RECORDED INFORMATION:
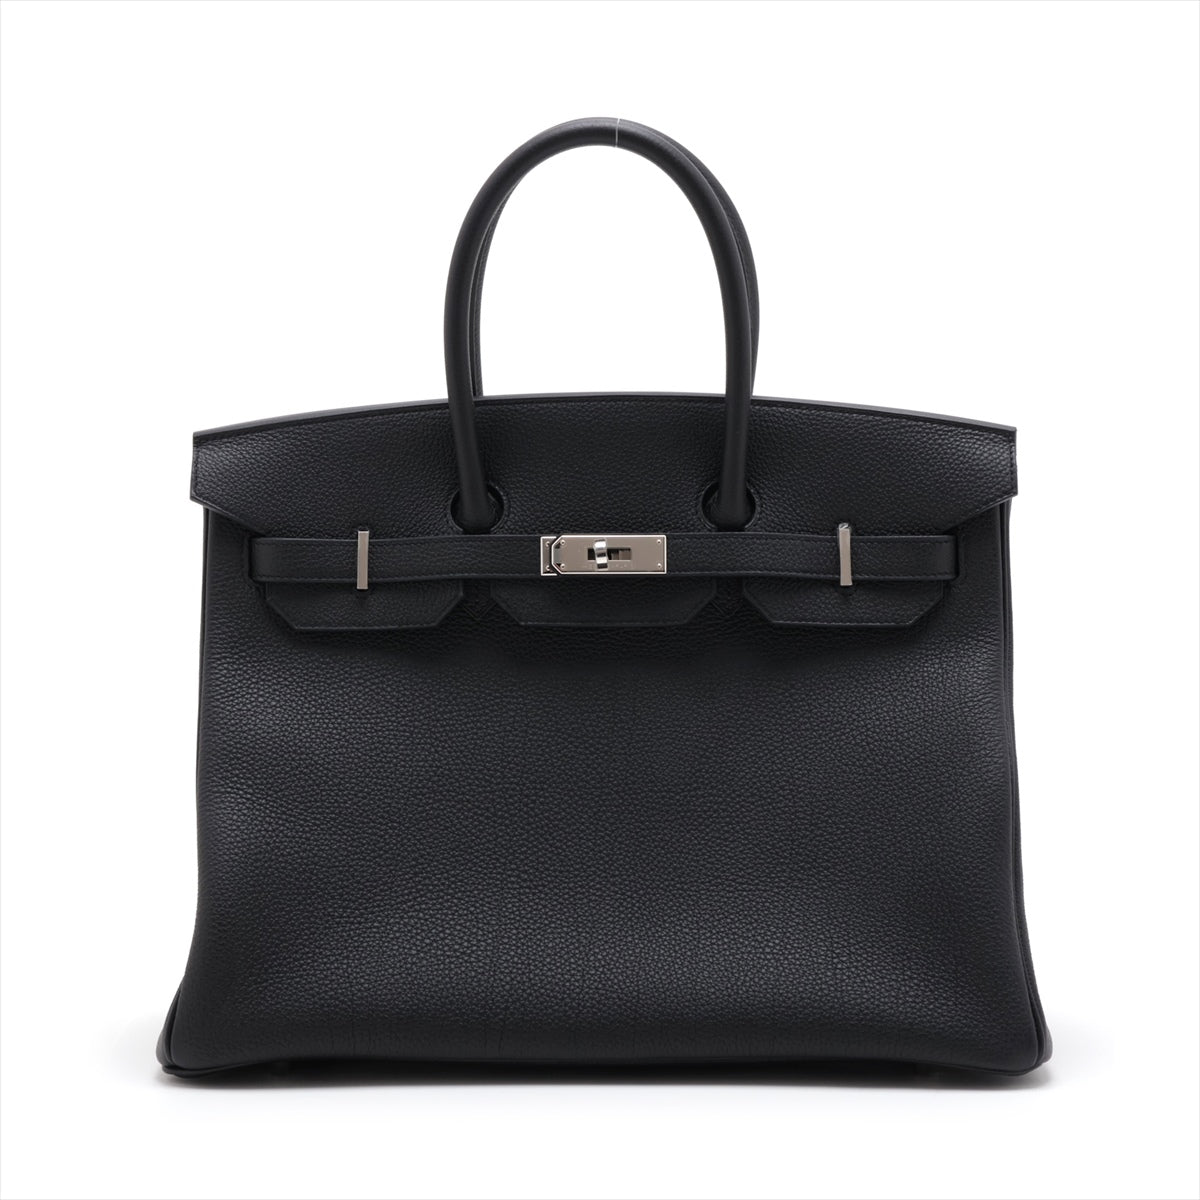 Hermes Black Togo Birkin 35 Handbag
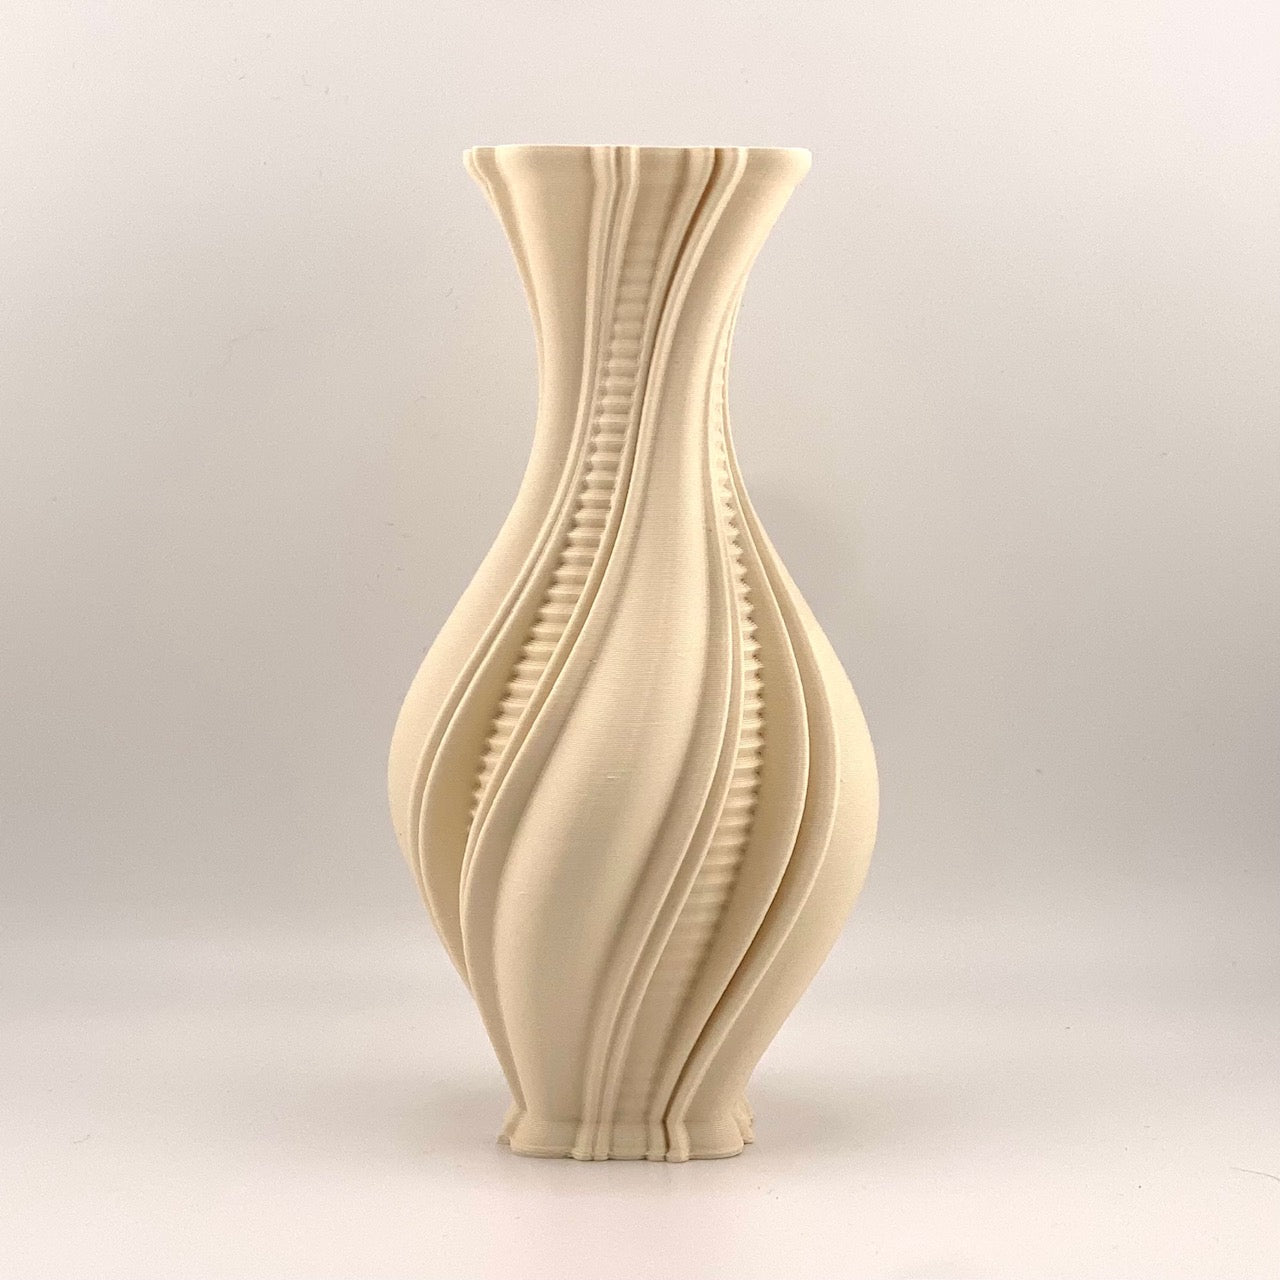 Resplendence Vase 3D printed in Ivory glossy filament
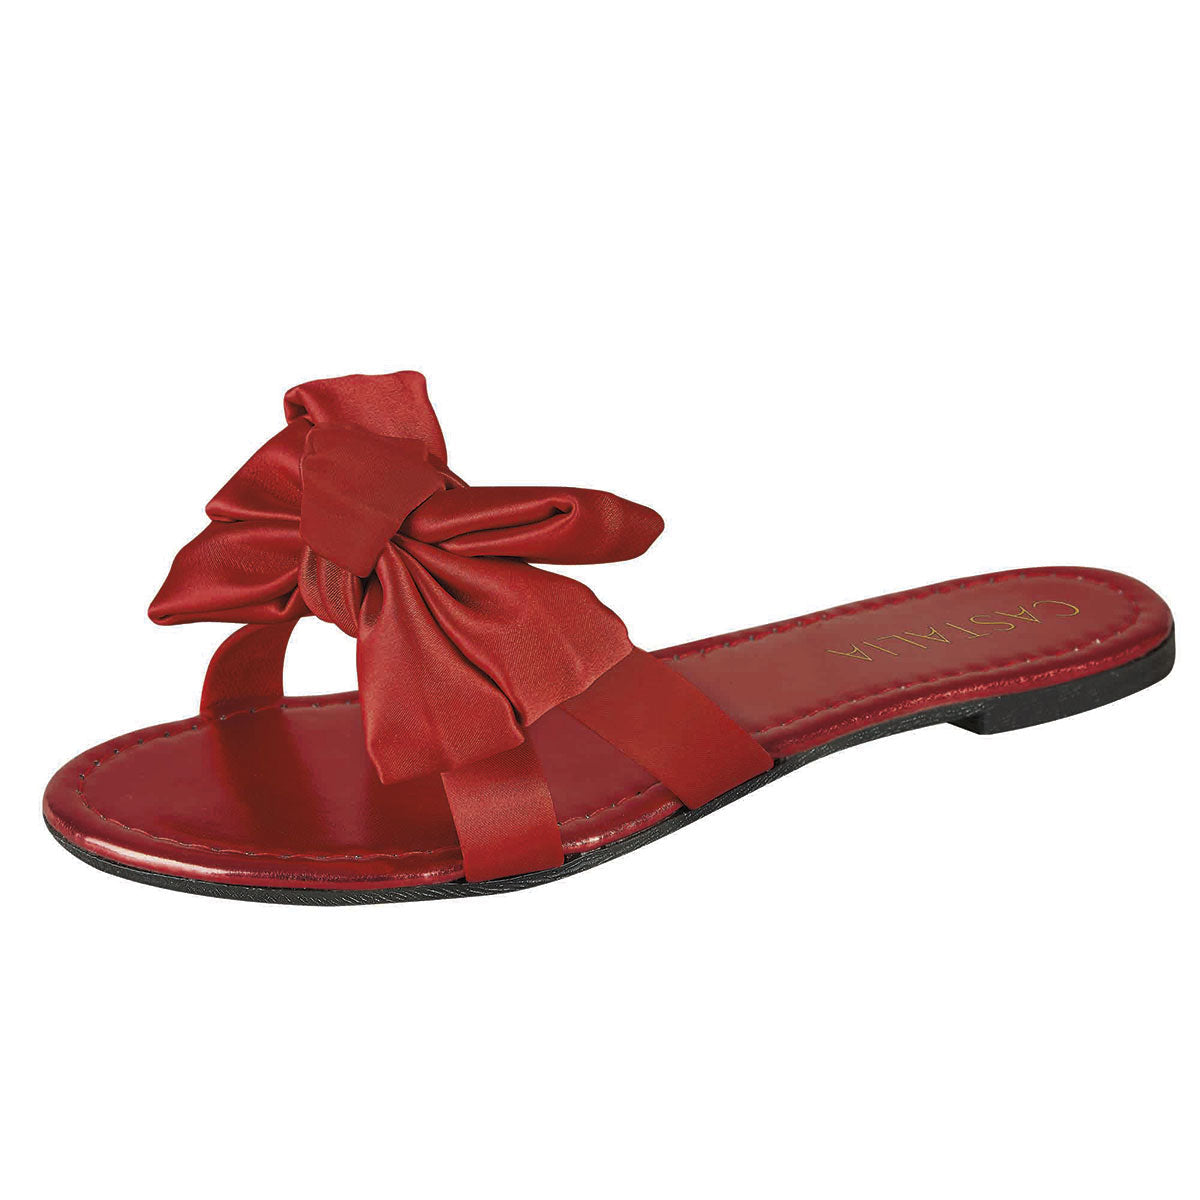 Sandalia Para Mujer CASTALIA Rojo Textil con Moño 319-04
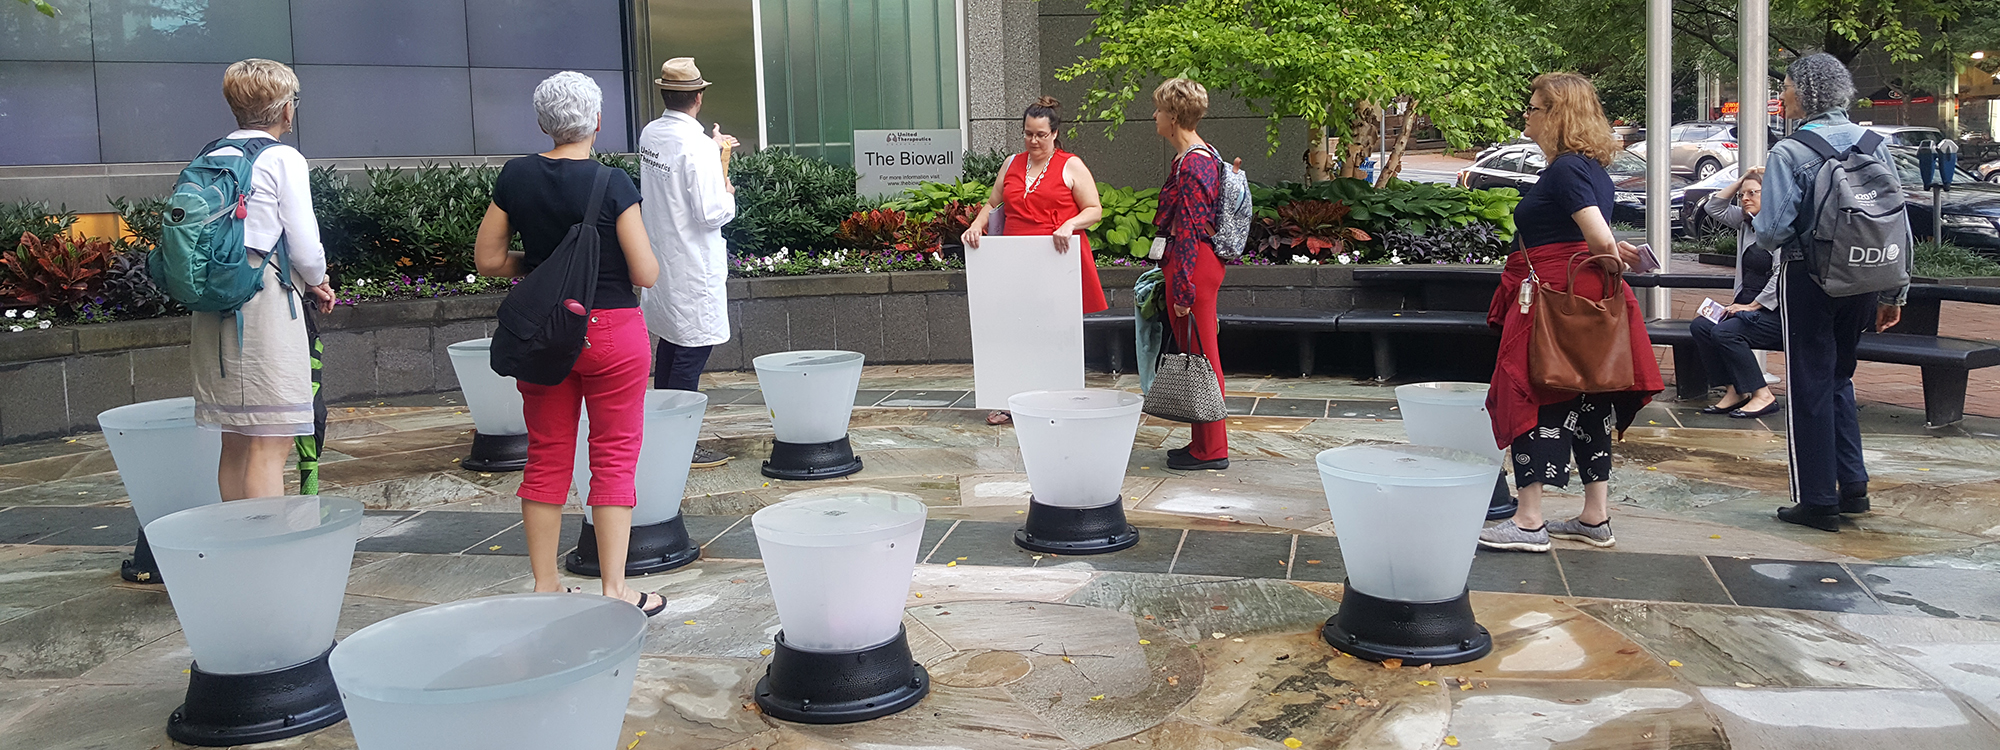 Participants explore outdoor art installation during Silver Spring Art Walk

THE PROBLEM: Beginning at the line that contains "Sandalia Para Mujer", transcribe it and every later line through the last line of the data above, exactly, and drop the pictures.

OUTPUT:
 Sandalia Para Mujer CASTALIA Rojo Textil con Moño 319-04
 Participants explore outdoor art installation during Silver Spring Art Walk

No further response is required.